In $\mathbb{R}^n$, if I have a hyperplane H given by $c^Tx = 1$, then $H$ is $n-1$-dimensional, and so there exists an isometry $f: H\longrightarrow \mathbb{R}^{n-1}$.
Does this mean that I can extend $f$ to be an isometry of all of $\mathbb{R}^n$? In other words, does there exist an isometry $g: \mathbb{R}^n\longrightarrow\mathbb{R}^n$ such that $g$ restricted to $H$ is equal to $f$?

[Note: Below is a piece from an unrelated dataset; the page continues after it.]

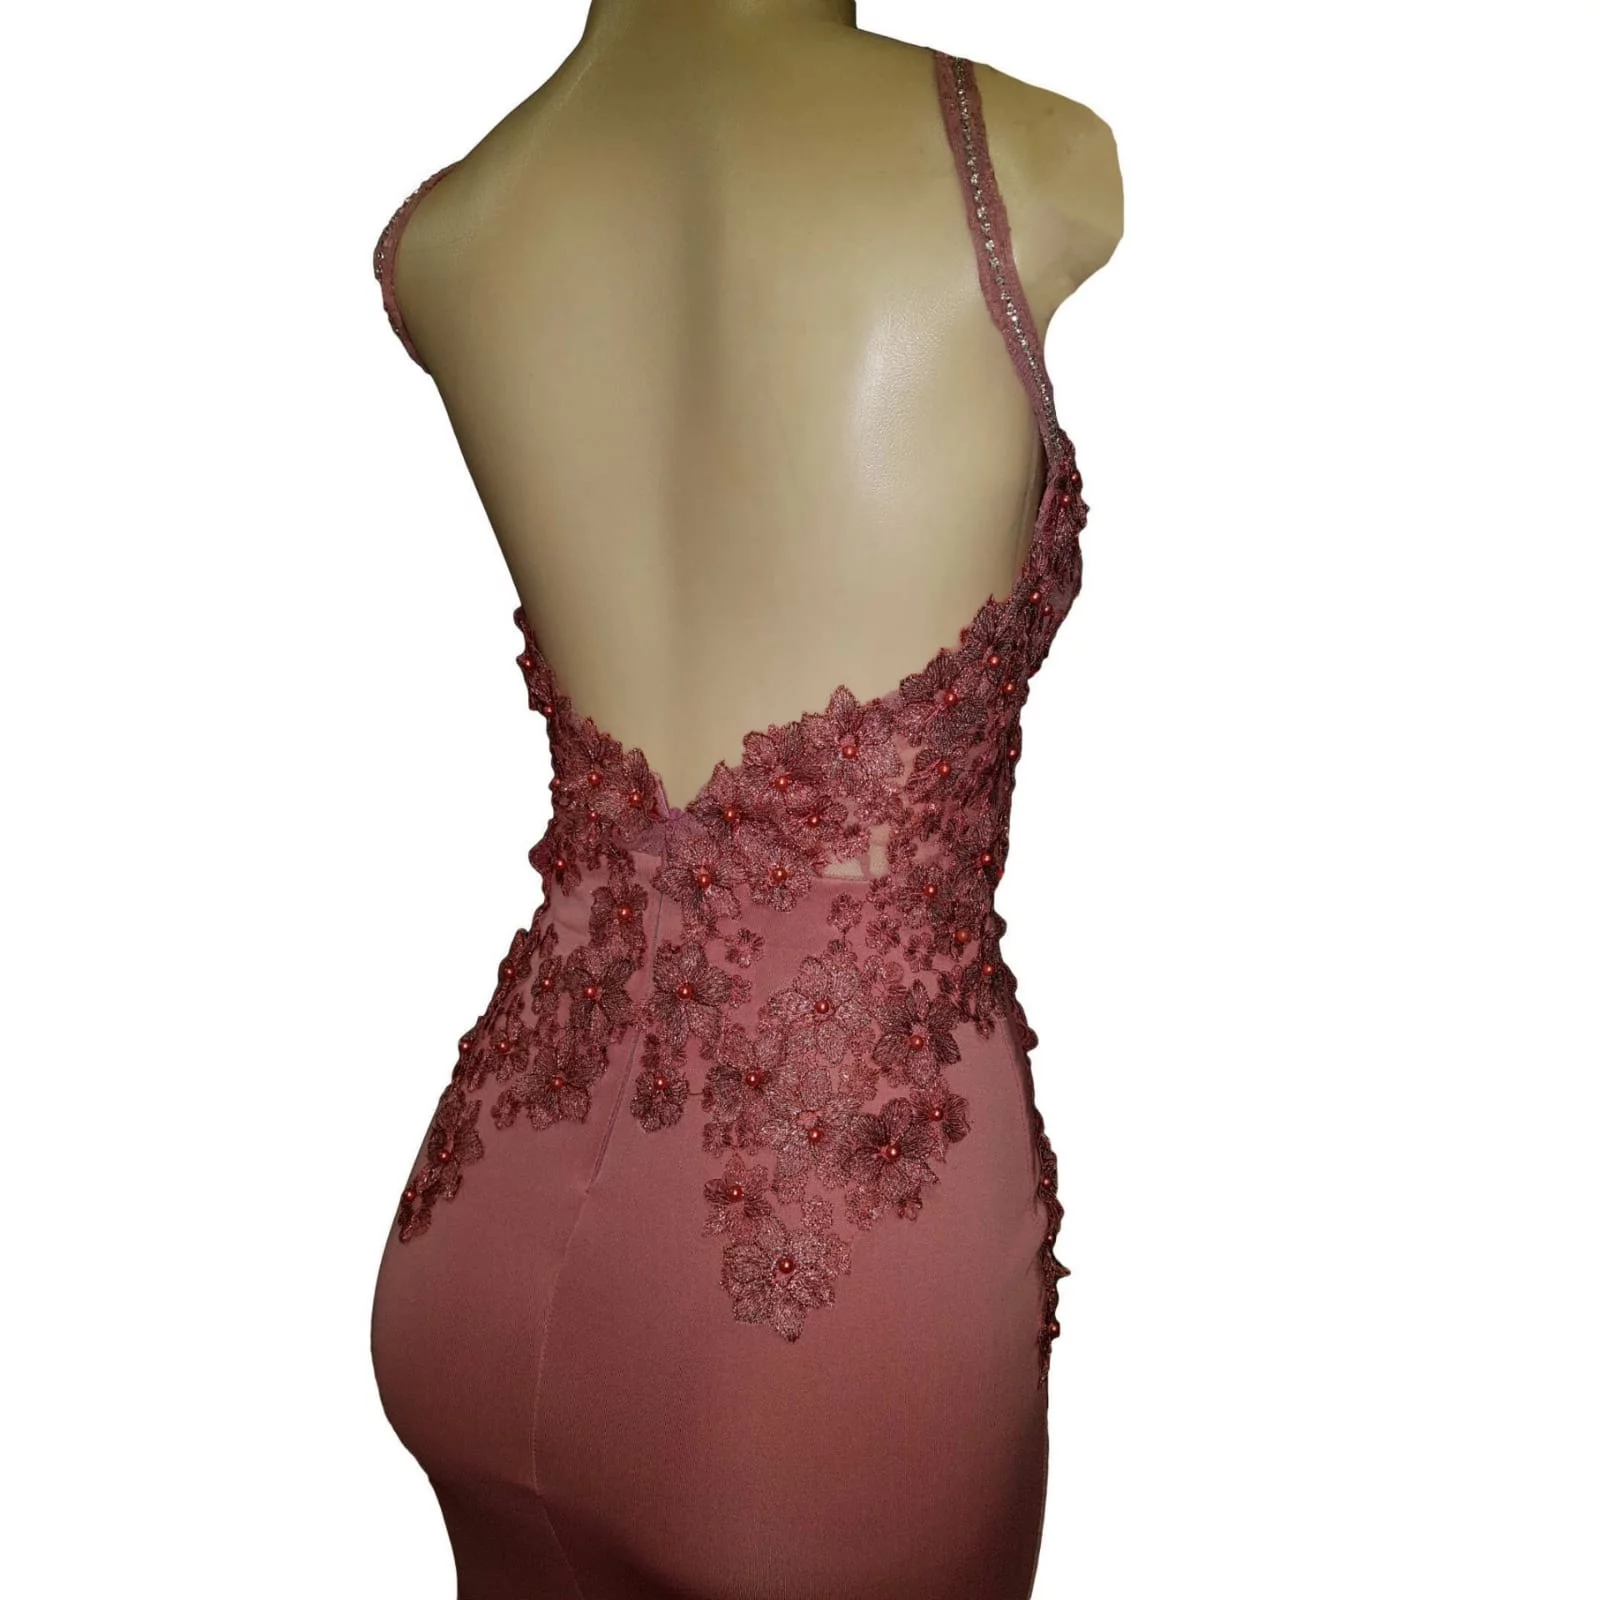 Pink elegant matric dance dress 3 choose a pink elegant matric dance dress for your special event. A colour that inspires kindness, sensitivity and warmth. This colour on this 3d shine lace long sexy dress creates a feel good mood, and that all will be amazing for your special night.

I assume the normal vector of $H$ is such that $||c|| = 1$. Fix an orthonormal basis of $H-c = \{x-c : x\in H \}$ (which is a linear subspace in $\mathbb R^n$), say $e_1,\ldots,e_{n-1}$. Every $x\in H$ can be written as $c + \sum_{i=1}^{n-1} c_i e_i$. Then an isometry $f$ can be written as $$ f(x) = Q(x-c) \quad x \in H $$ where $Q$ is a linear isometry from $H-c$ to $\mathbb R^{n-1}$. Now let $e_n$ be the unit vector that is orthogonal to $span\{e_1,\ldots,e_{n-1}\}$. Then one can extend $Q$ to a $Q'$ defined $span\{e_1,\ldots,e_n\}$ by $Q'(e_k)= Q(e_k)$ for $k<n$ and $Q'(e_n) = e_n$. This way $f$ can be extended to a $g$ as $$g(x) = Q'(x-c). $$ To prove that $g$ is an isometry consider
$$ ||g(x)-g(y)||^2=|| Q'(x-c)-Q'(y-c) ||^2 = || Q'(x-y)||^2 = || Q'(P_{H-c}(x-y)) + P_{e_n}(x-y) ||^2 = || Q(P_{H-c}(x-y))|| + ||P_{e_n}(x-y)||^2 = ||P_{H-c}(x-y)||^2 + || P_{e_n}(x-y)||^2 = ||x-y||^2 $$ since $H-c$ and $e_n$ are orthogonal.